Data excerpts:

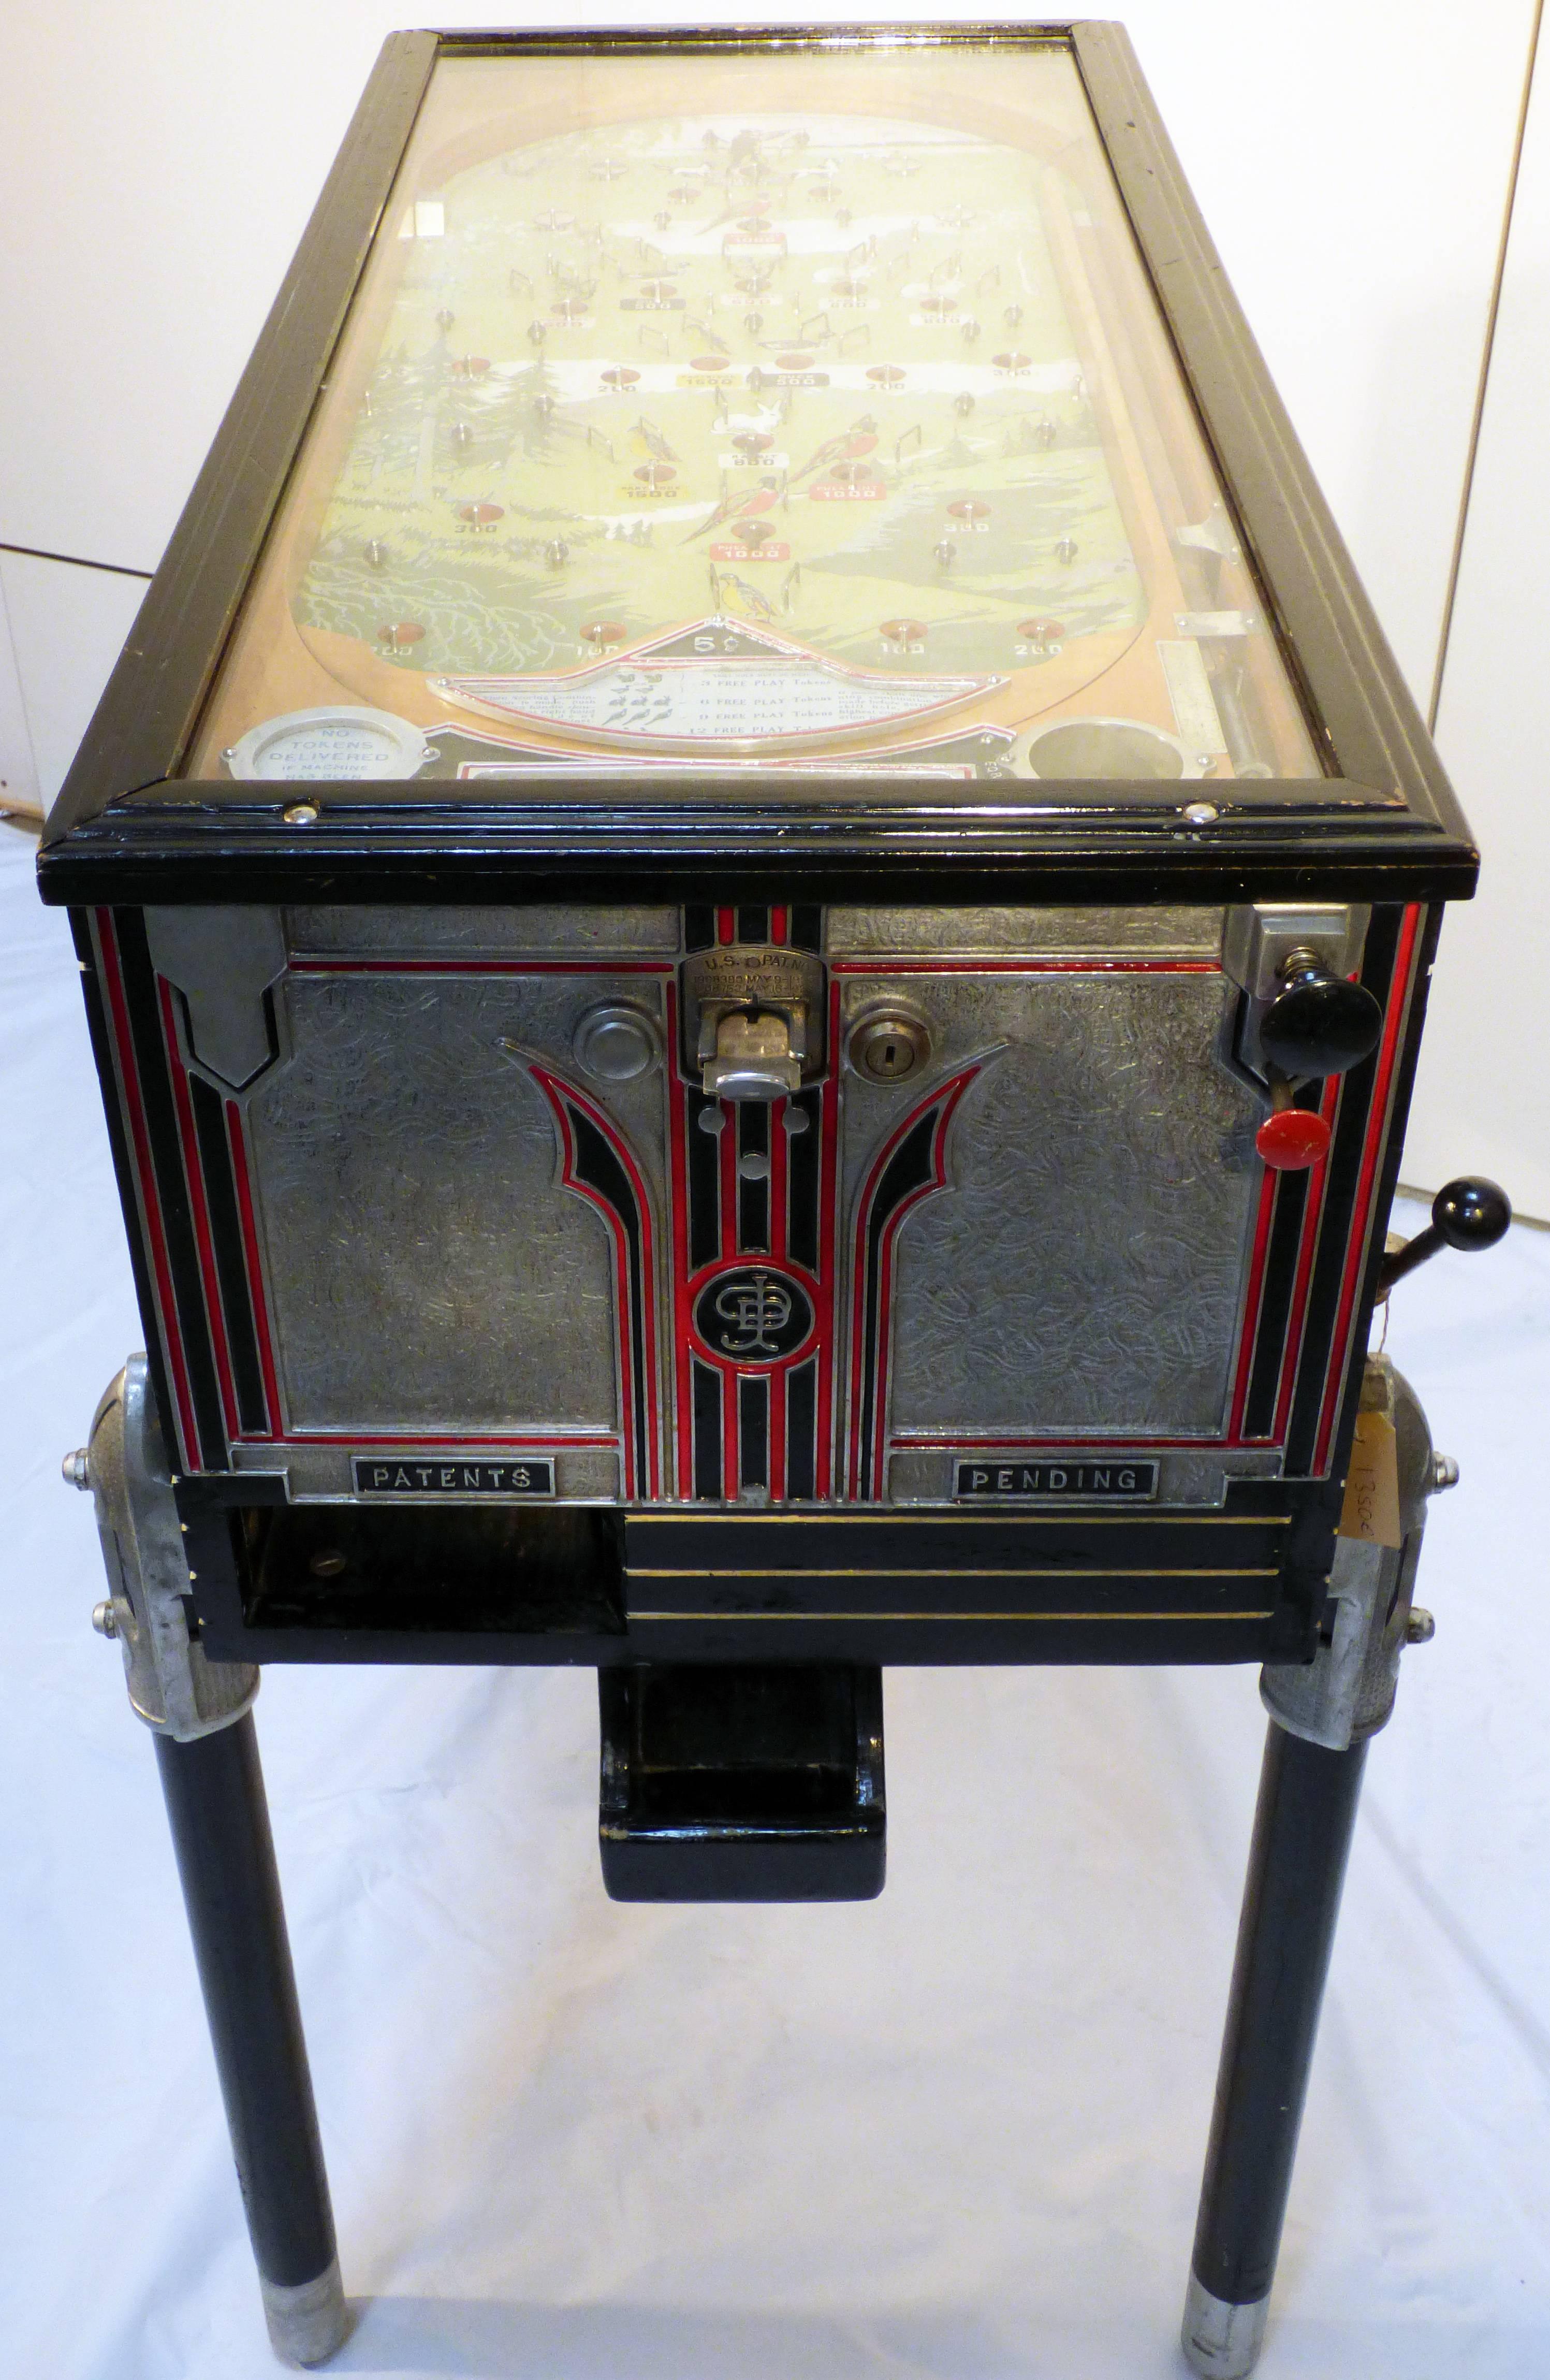 Wonderful pinball machine in very good optical condition and very unique eye-catcher in Art Deco style.

The mechanics do not work completely and not to be restored to play the pinball machine.

For shipping costs, just send us a short message &
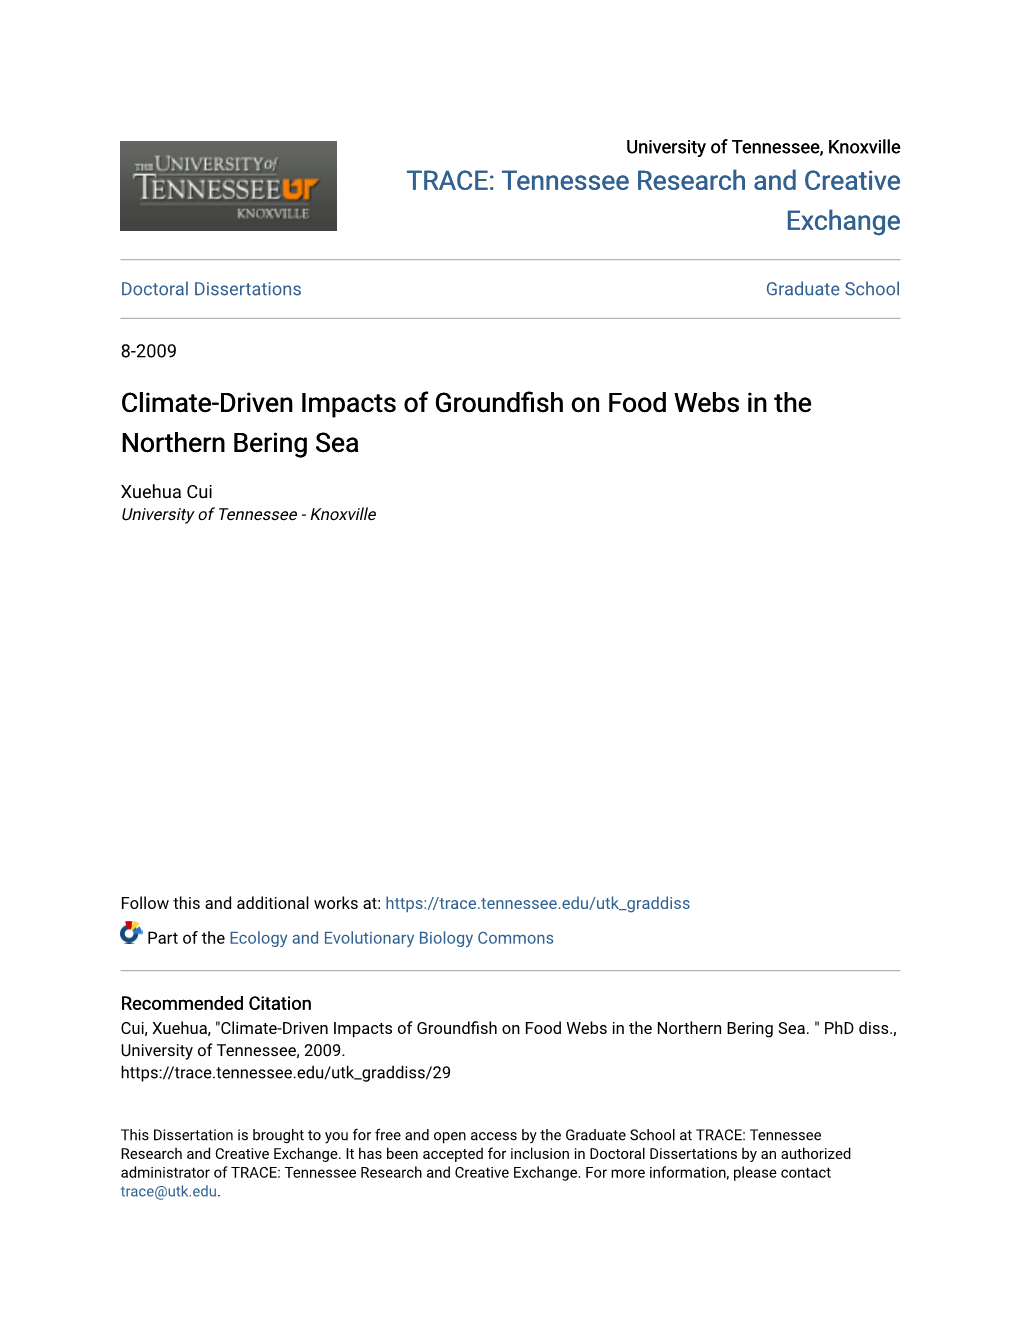 Climate-Driven Impacts of Groundfish on Food Webs in the Northern Bering
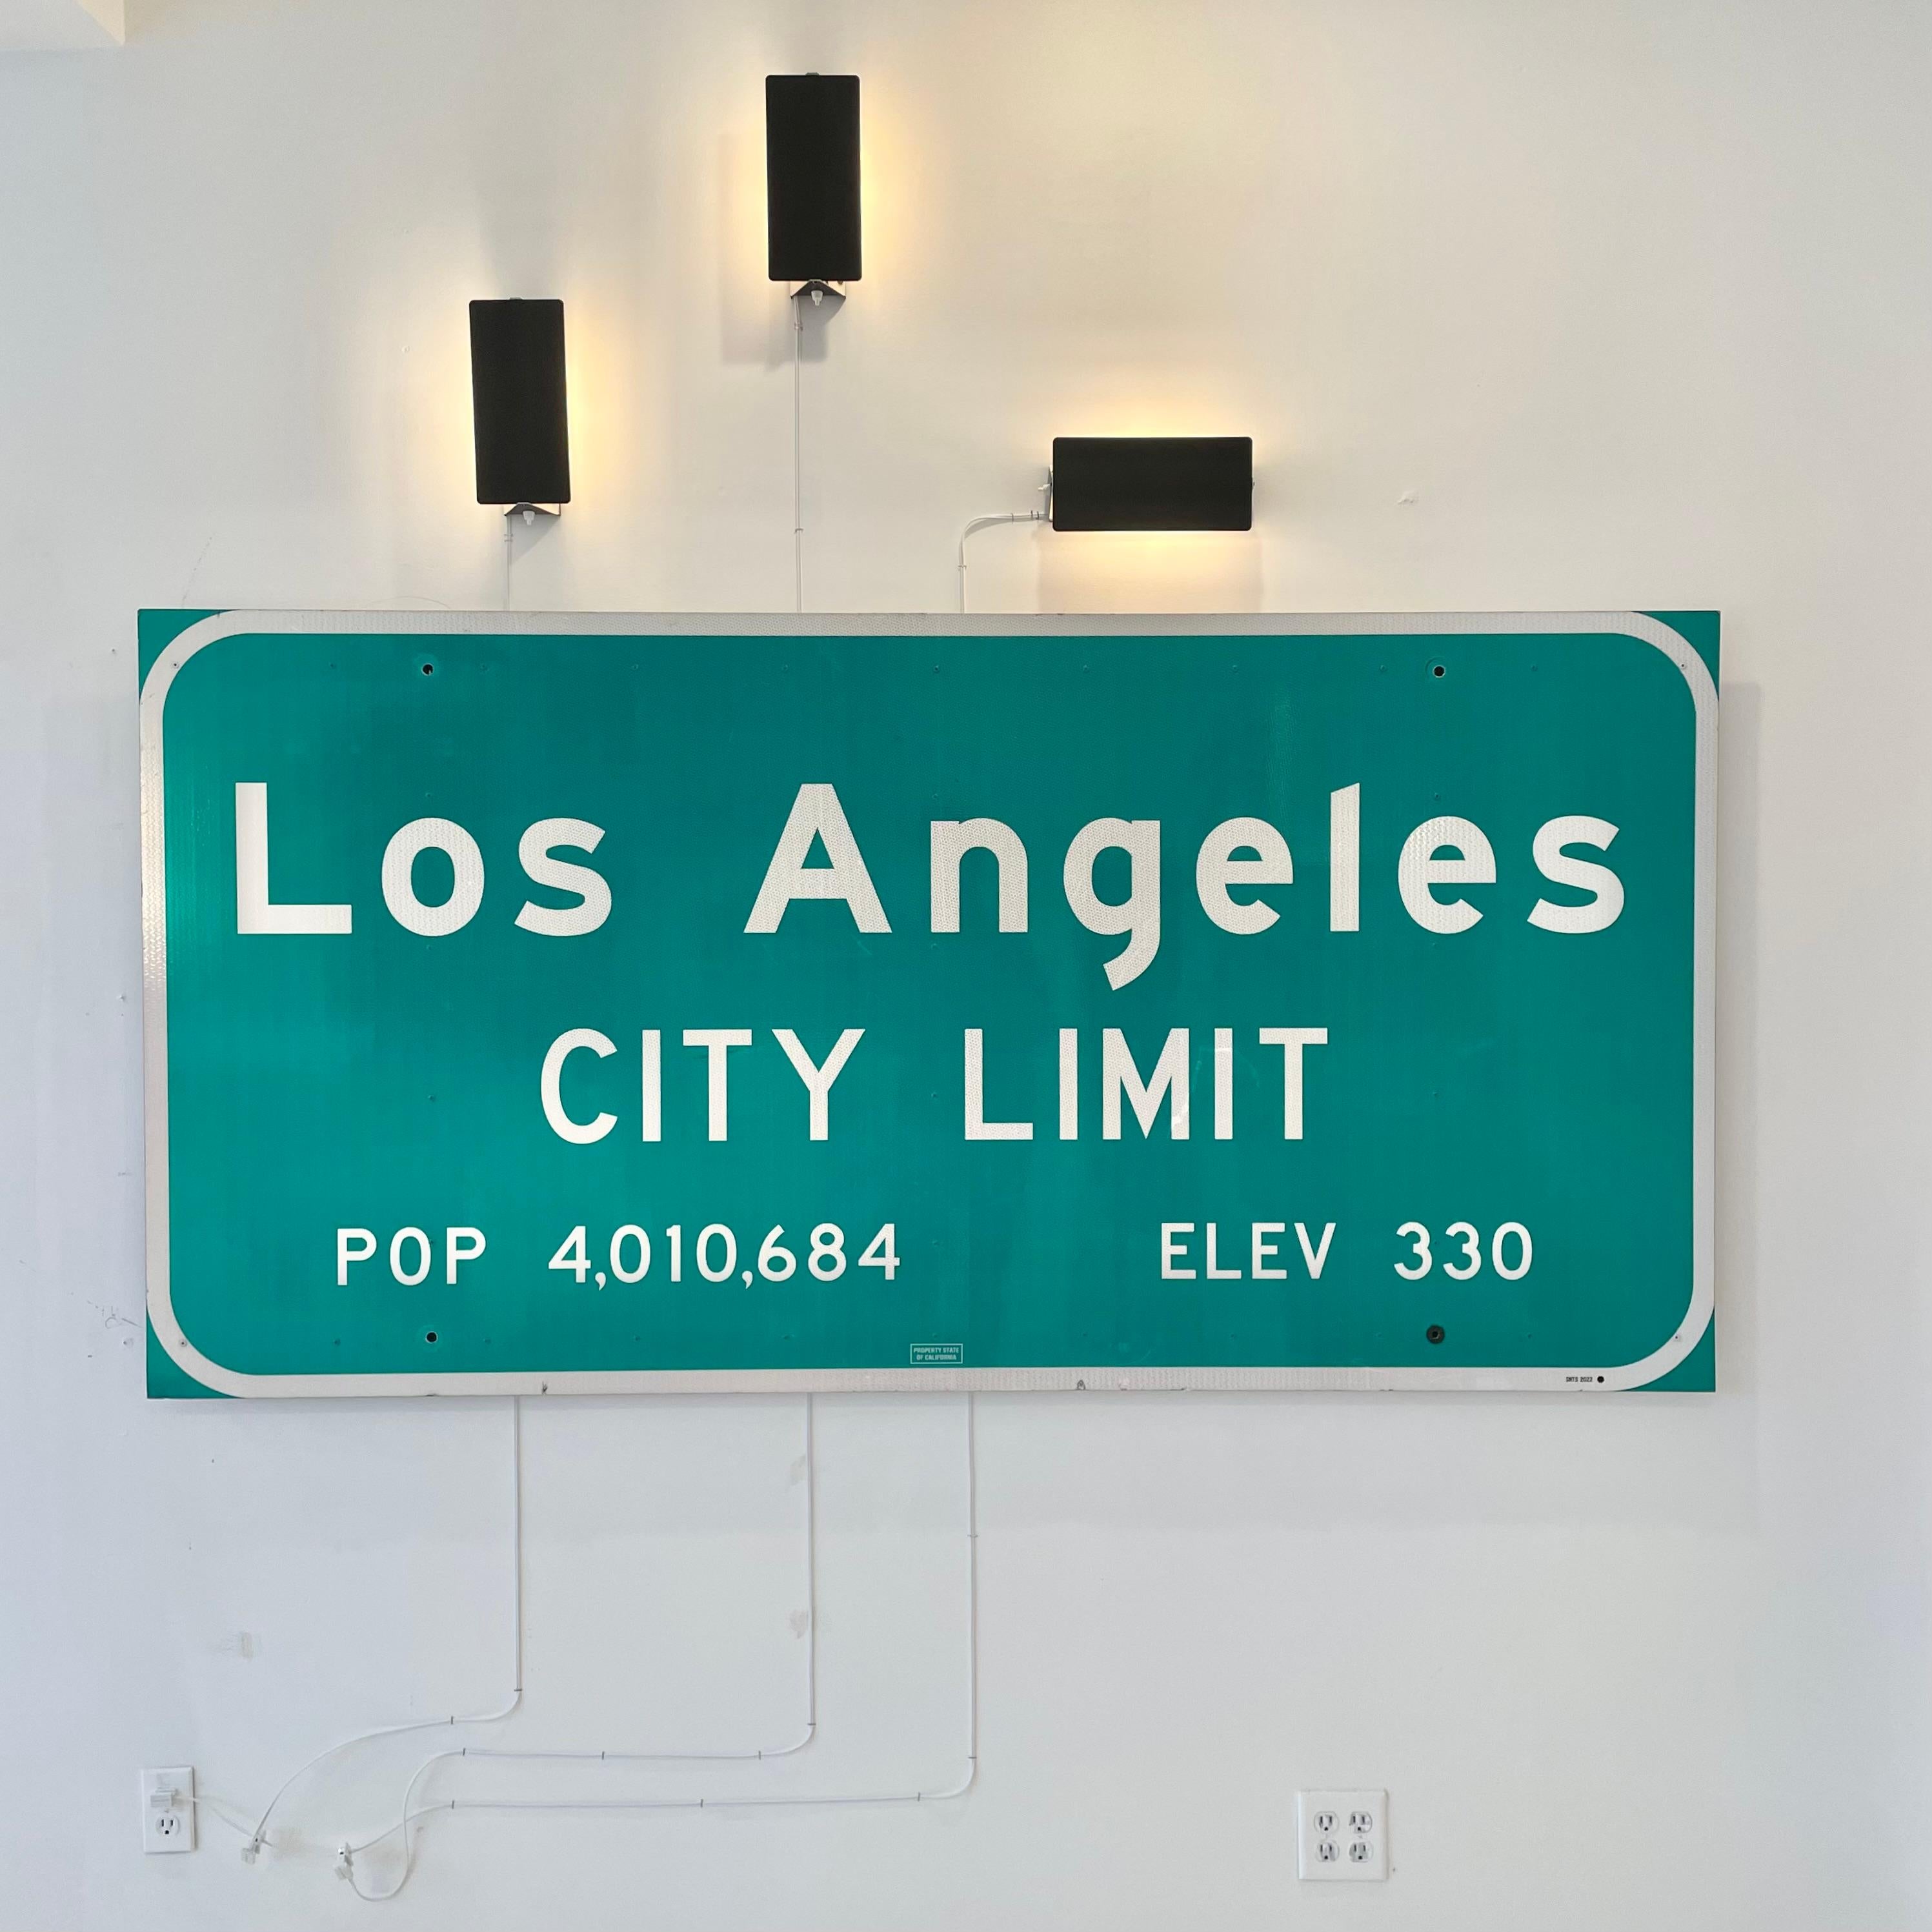 Amazing City of Los Angeles freeway sign. This sign welcomed you as you entered the city of Los Angeles. Reflective letters and border as well as a protective plastic sheet over the face. Stamped

* [Directions for this task]: The entries above are to be returned exactly, without their pictures.

* [Answer space]:
 Wonderful pinball machine in very good optical condition and very unique eye-catcher in Art Deco style.

The mechanics do not work completely and not to be restored to play the pinball machine.

For shipping costs, just send us a short message &
 Climate-Driven Impacts of Groundfish on Food Webs in the Northern Bering
 Amazing City of Los Angeles freeway sign. This sign welcomed you as you entered the city of Los Angeles. Reflective letters and border as well as a protective plastic sheet over the face. Stamped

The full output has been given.